Shannon entropy can be treated in mathematical statistics as a "nonparametric statistic". In terms of "sufficient statistics" an important variant of Shannon's theory was introduced by Kullback; here the fundamental quantity is called divergence (or relative-entropy, or cross-entropy, or discrimination). This quantity is important in decision theory, robotic vision, and many other areas.
In mathematical statistics, Shannon entropies are related to Fisher information. In addition, in an appropriate limit, Shannon information is approximated by chi square.
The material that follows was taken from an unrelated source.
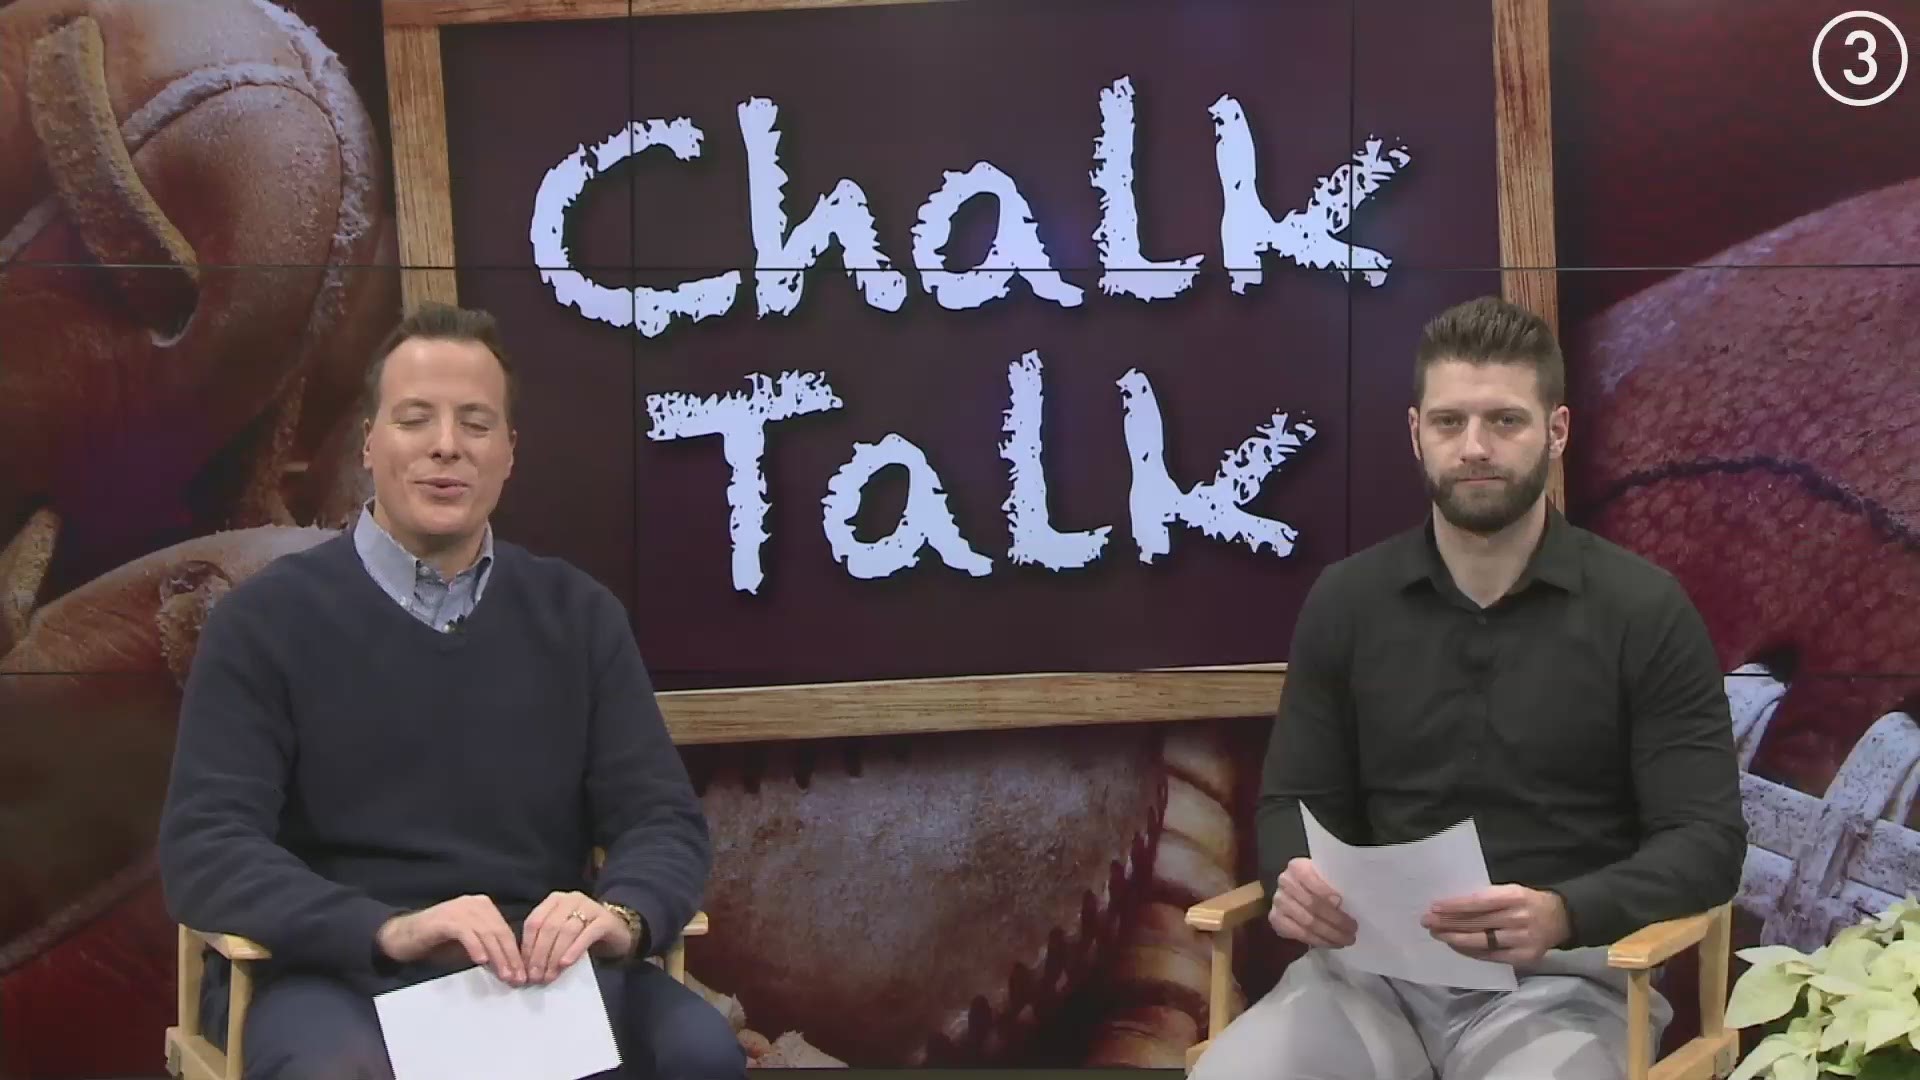 On the 14th episode of WKYC's Chalk Talk, Nick Camino and Ben Axelrod discuss and make their picks for Week 15 of the college football season and Week 14 of the NFL.

Viewed as a branch of mathematical statistics (one which fits into the Bayesian scheme of things), dealing with time series or dynamical systems, Shannon's theory has the great advantage that the quantities of interest have clear interpretations supported by theorems. However, the problem of estimating "empirical entropies" from data is nontrivial; in addition to bias one must deal with nonlinearity. OTH, the most common parametric statistics (e.g. mean, standard deviation) can be treated in terms of the euclidean geometry in many dimensions, which is the underlying reason why Gauss/Fisher notions of statistics have been so successful. However, these statistical quantities suffer from a little publicized but serious drawback: their alleged interpretation is highly suspect. Thus the perennial war between "Bayesians" and "frequentists".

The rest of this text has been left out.